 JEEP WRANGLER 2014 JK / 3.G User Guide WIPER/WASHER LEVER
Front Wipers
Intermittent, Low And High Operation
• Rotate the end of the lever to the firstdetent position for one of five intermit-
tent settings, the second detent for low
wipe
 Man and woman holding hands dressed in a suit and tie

________________

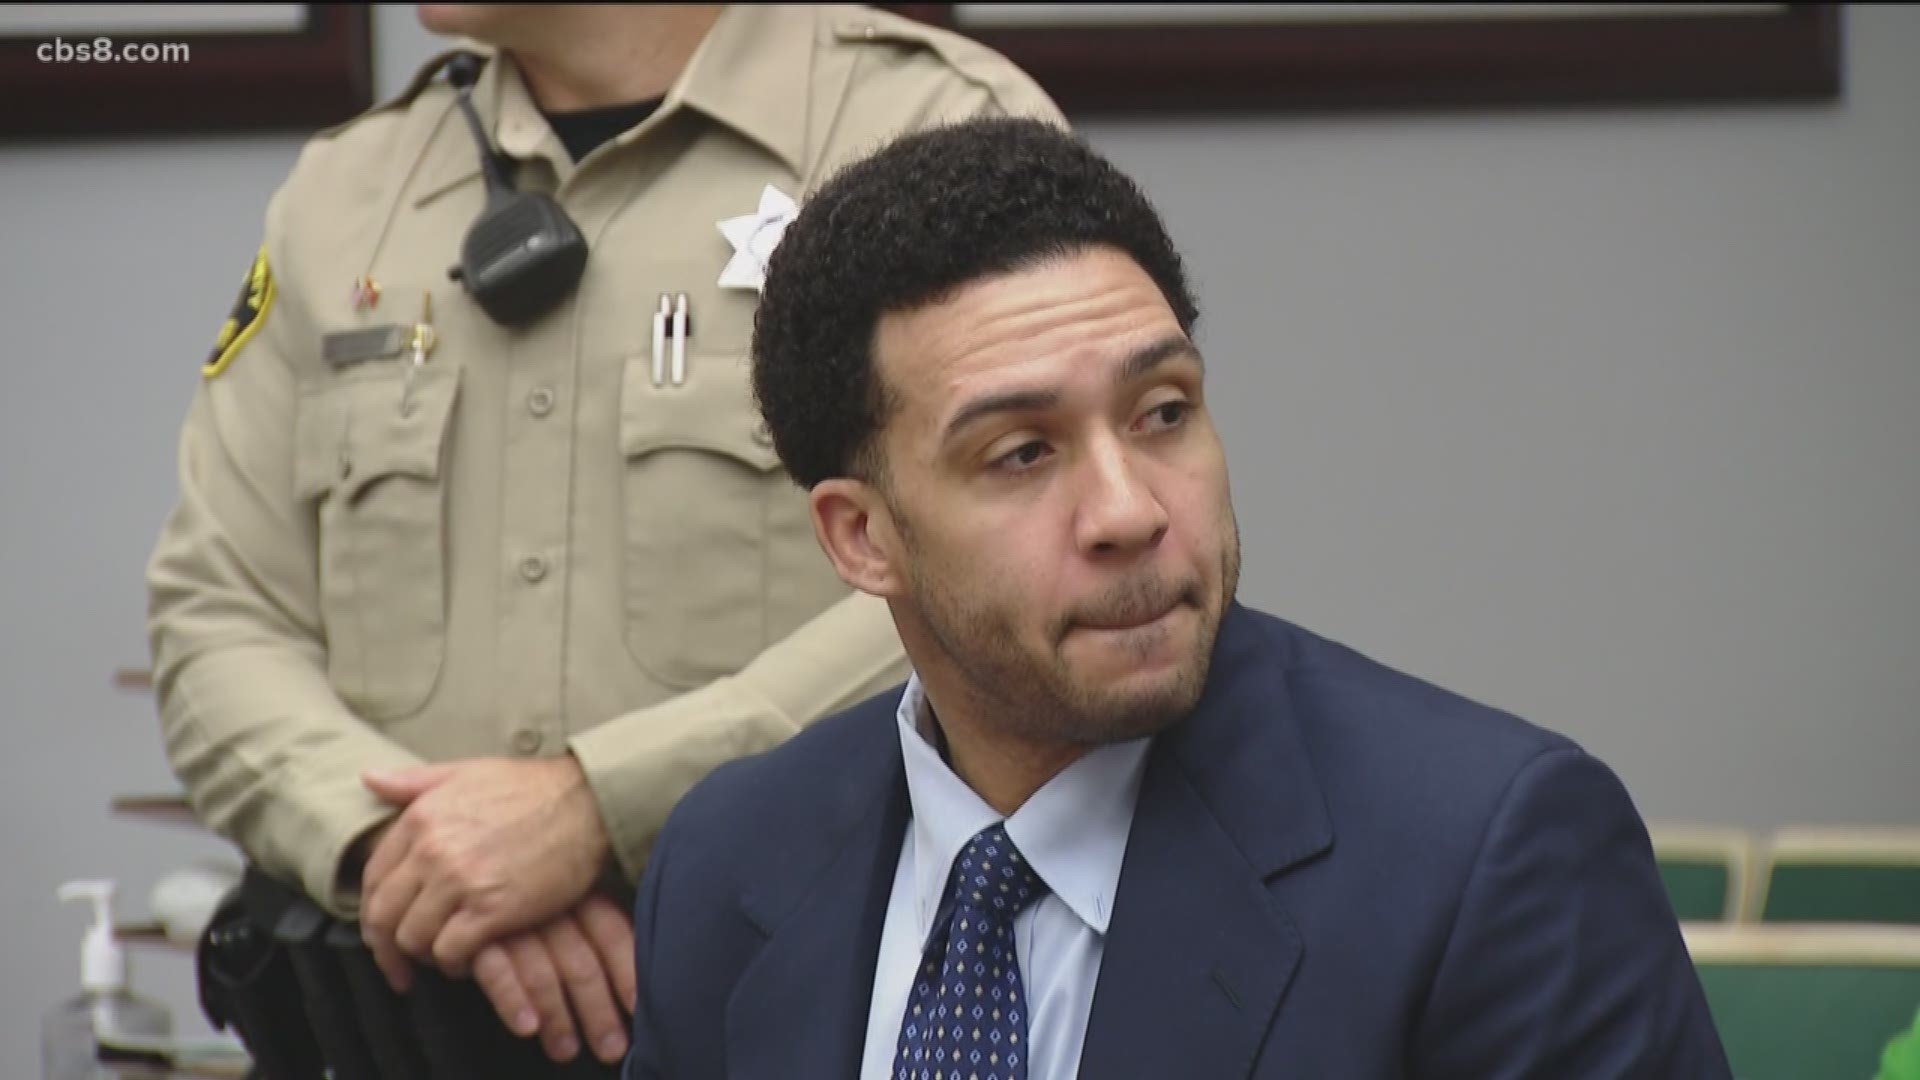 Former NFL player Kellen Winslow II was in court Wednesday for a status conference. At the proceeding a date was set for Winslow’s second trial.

________________

--- THE PROBLEM ---
Begin with the line that has "JEEP WRANGLER 2014" in the listing above and end after the line that has "Man and woman"; output those lines exactly.

--- FINAL ANSWER ---
 JEEP WRANGLER 2014 JK / 3.G User Guide WIPER/WASHER LEVER
Front Wipers
Intermittent, Low And High Operation
• Rotate the end of the lever to the firstdetent position for one of five intermit-
tent settings, the second detent for low
wipe
 Man and woman holding hands dressed in a suit and tie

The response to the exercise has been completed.